The experience ten years later was the closest things I can recall to a sense of disassociation, like my very self was separating ad disappearing, and would be lost. Basically, I felt that I was literally losing my mind. That’s what month after month of having no fixed guide star of hope and possibility in life can do. It’s why such terrible fates befall the long-term unemployed, people who want to rise out of their grim situations, but who can’t seem to do it. Many become homeless. Some can’t take it any more. I was getting to that point, but was in denial.

However, i was fortunate in that I had a place to live and family that loved me. I shudder to think what my experiences with depression and joblessness would have been like without them.

But I couldn’t live at my brother’s place indefinitely, though it provided the life raft that kept me from going under, that and years of the single life which hardened me to adversity and being alone.

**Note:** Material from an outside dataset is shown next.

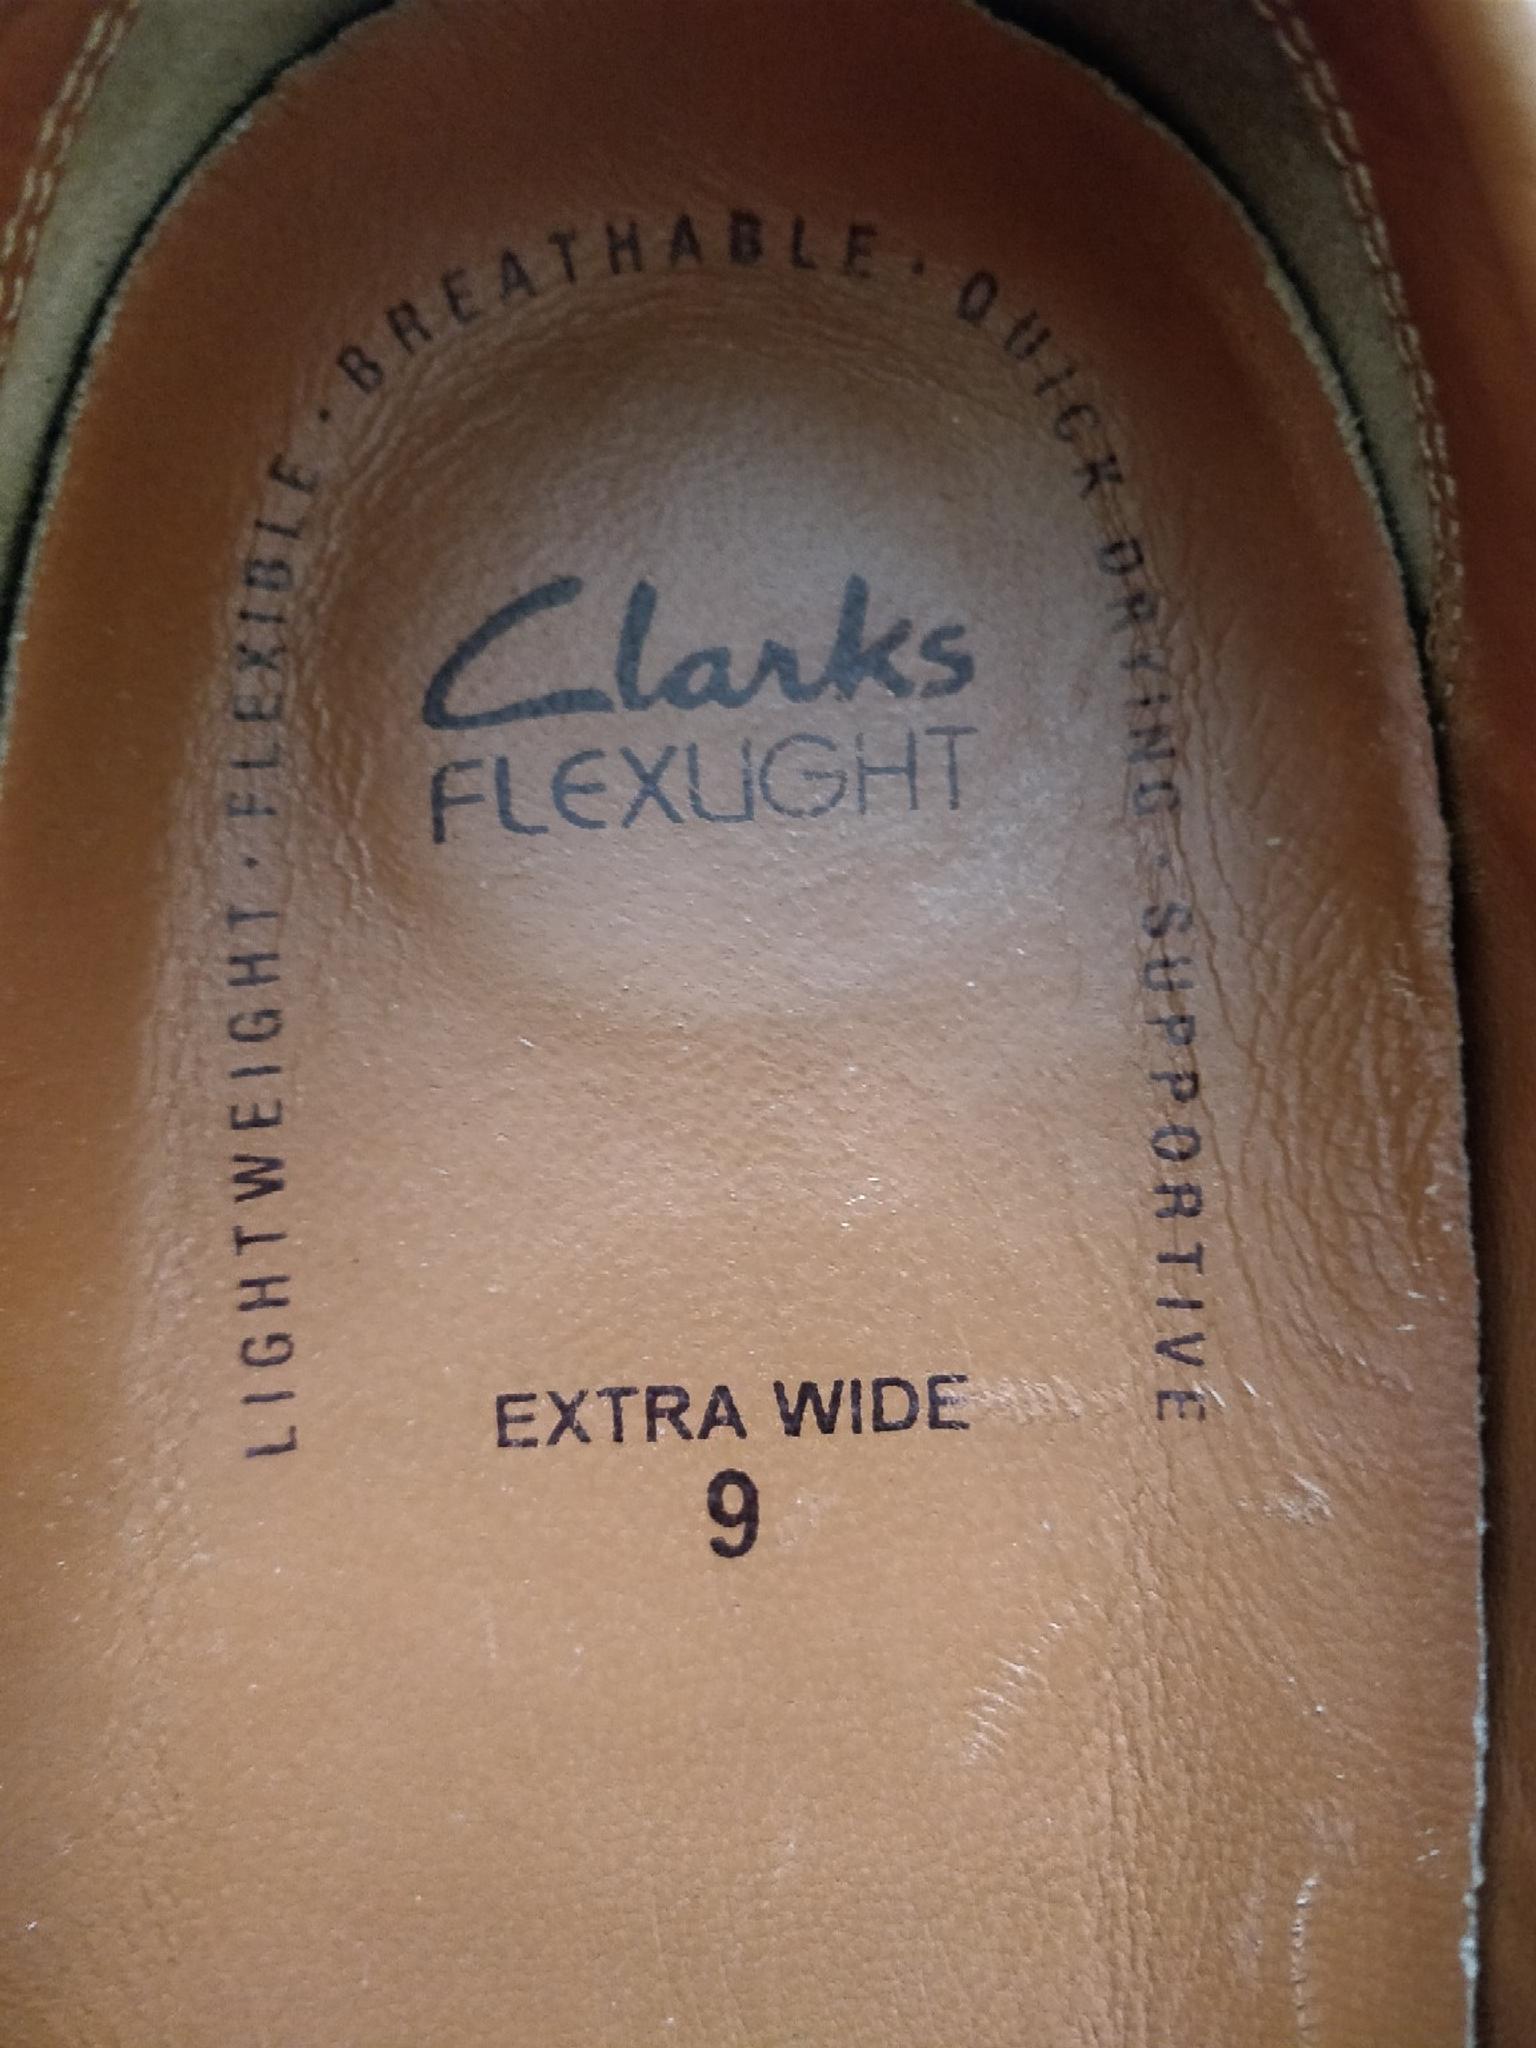 clarks flexlight shoes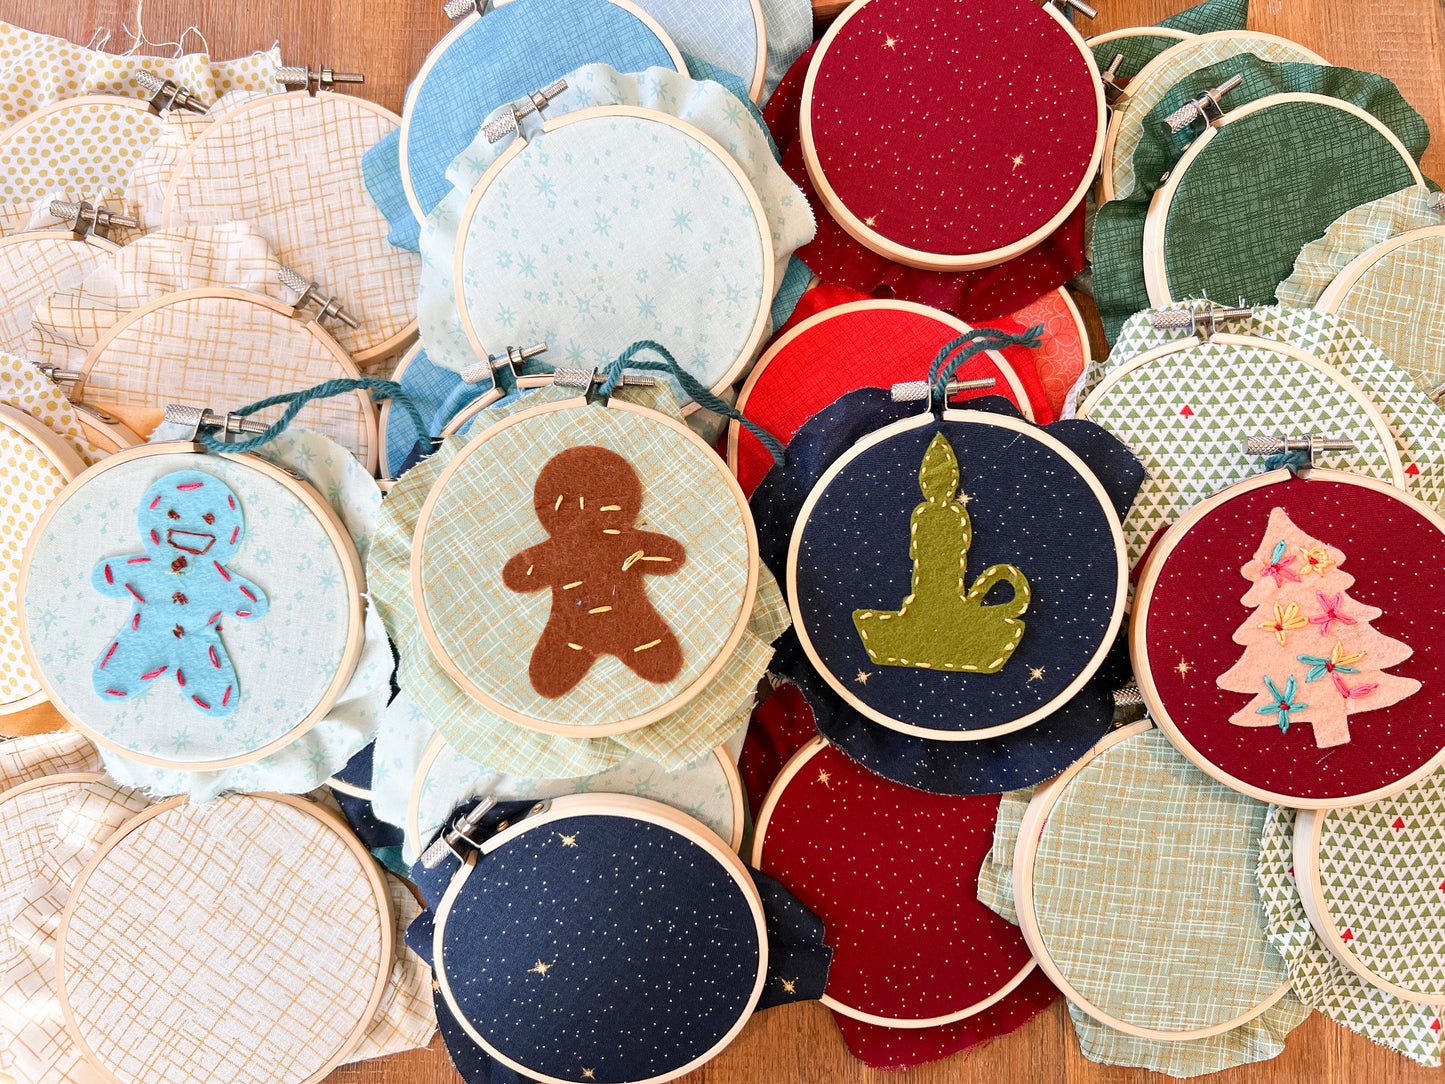 Embroidery for Kids | Ornament Complete DIY Kit for Children 3 inch hoop handmade Christmas Tree Ornament | Teacher Gift Grandparent Craft

A week or so after that strange and hallucinatory weekend outing to the nature preserve, I got an urgent call from my aunt in South Carolina who had been watching the classified ads in the newspaper religiously, apparently, and told me a small newspaper in the eastern part of the state needed an editor.

They needed someone badly, it turned out. I talked with them by phone, and within a week I was living in a small town producing a 24-page weekly community newspaper. Every skill I had learned in the business years earlier came back to me instantly. I had no time at all the worry about whether I could do the job. I had to and I wanted to.

I became immersed in the job, grateful for this new chance at life that put me in daily contact with many good and interesting people. I was starting over. Again.